• [Exercise directions]:
Look through the entries below for the line with "Cajun chicken, spicy rice and veg 👌" and the line with "#healthydinner #mealideas #healthymealideas", then give again exactly those two lines and all lines between them, minus the pictures.

• [Provided information]:

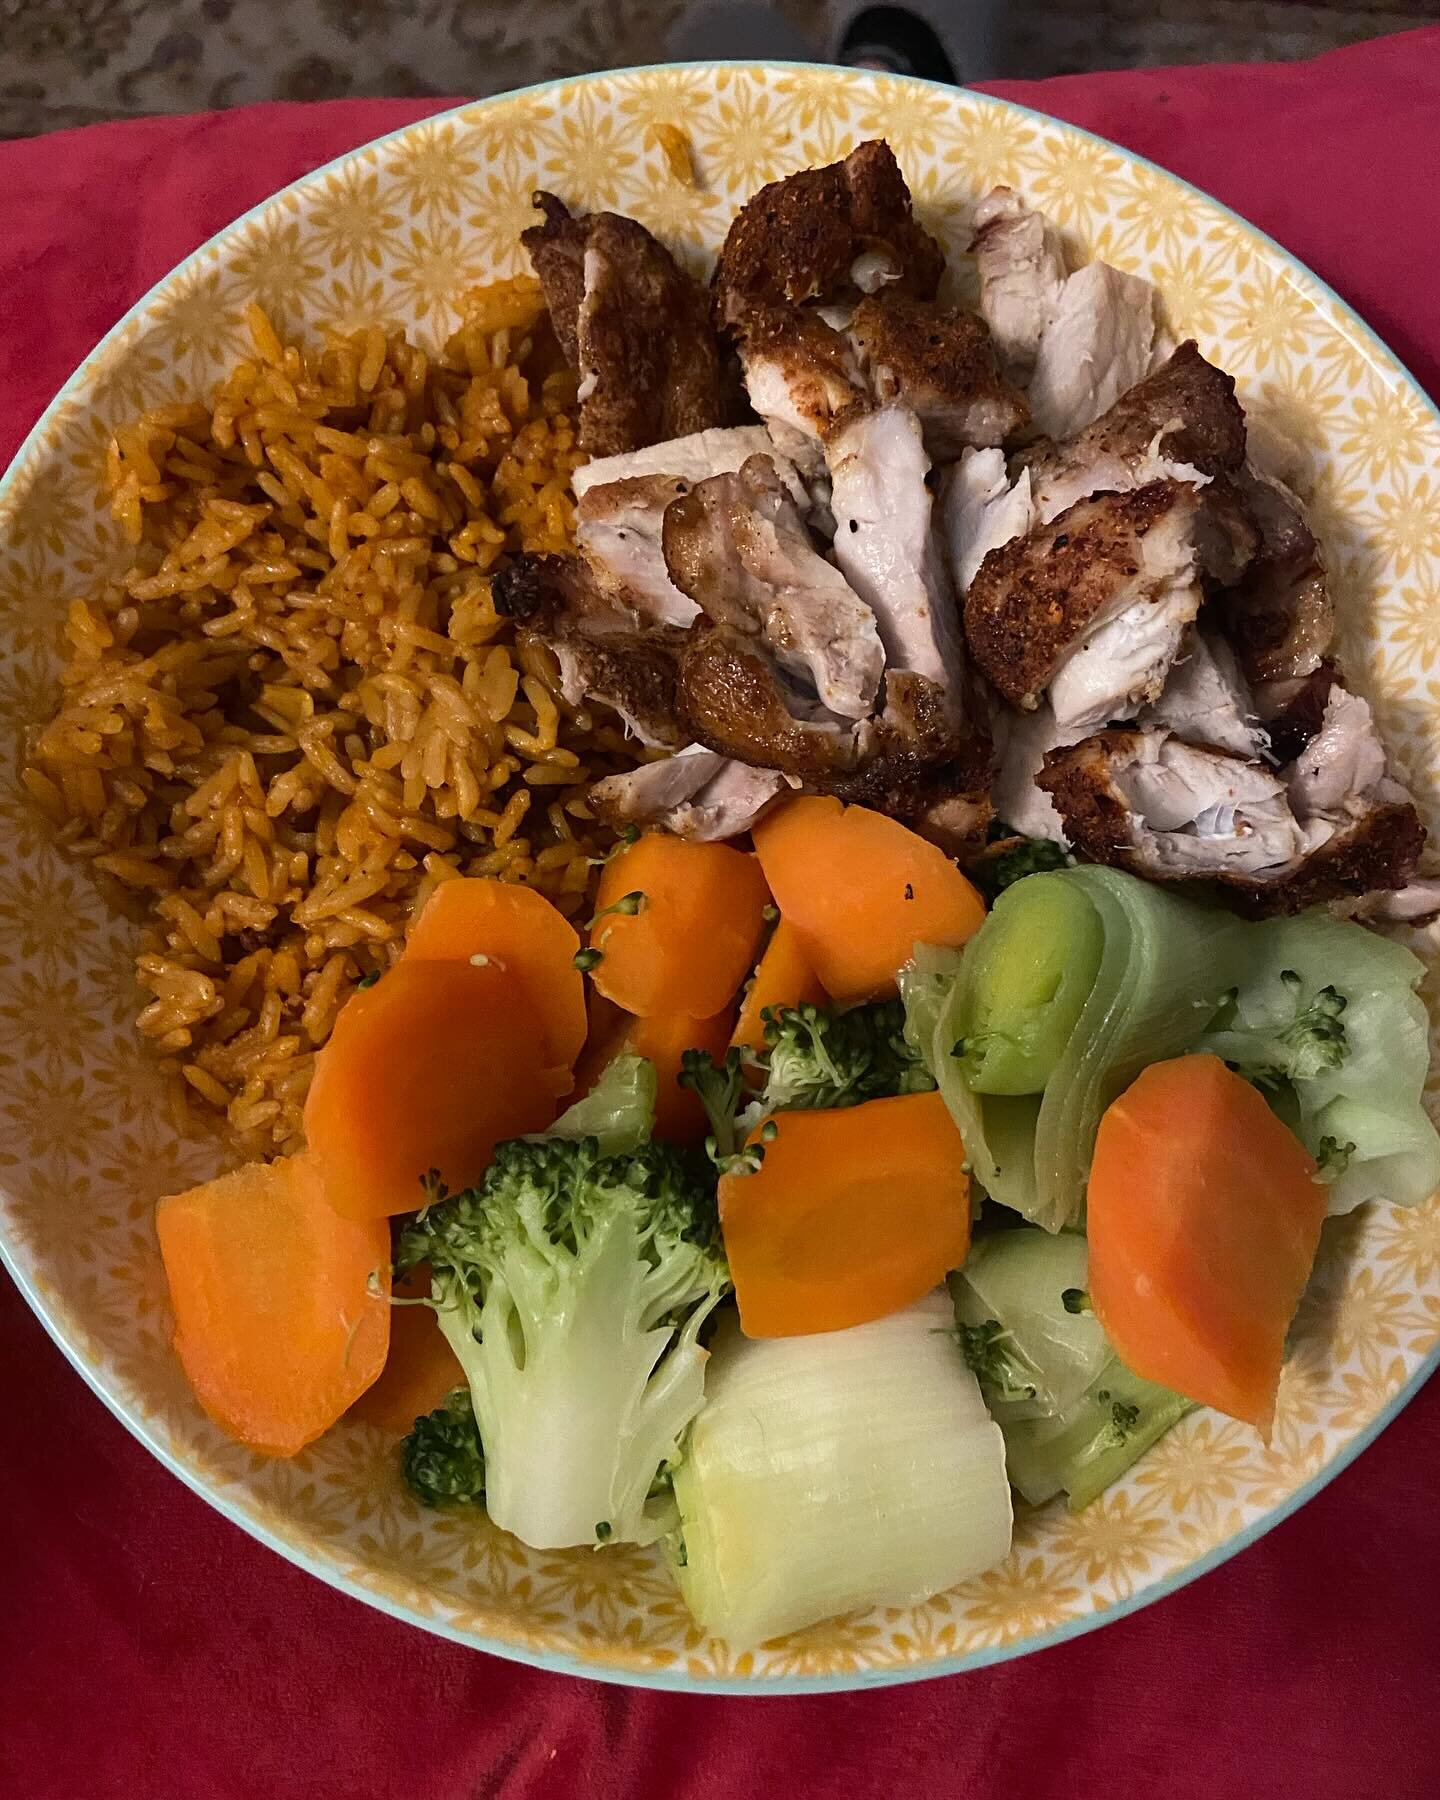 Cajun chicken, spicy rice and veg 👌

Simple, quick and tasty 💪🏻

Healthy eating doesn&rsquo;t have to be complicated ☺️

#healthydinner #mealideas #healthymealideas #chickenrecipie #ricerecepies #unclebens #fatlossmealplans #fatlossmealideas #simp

* * *

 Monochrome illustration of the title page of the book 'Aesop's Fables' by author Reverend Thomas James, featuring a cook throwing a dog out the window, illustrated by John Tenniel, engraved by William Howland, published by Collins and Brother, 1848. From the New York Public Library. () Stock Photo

• [Your response]:
 Cajun chicken, spicy rice and veg 👌

Simple, quick and tasty 💪🏻

Healthy eating doesn&rsquo;t have to be complicated ☺️

#healthydinner #mealideas #healthymealideas #chickenrecipie #ricerecepies #unclebens #fatlossmealplans #fatlossmealideas #simp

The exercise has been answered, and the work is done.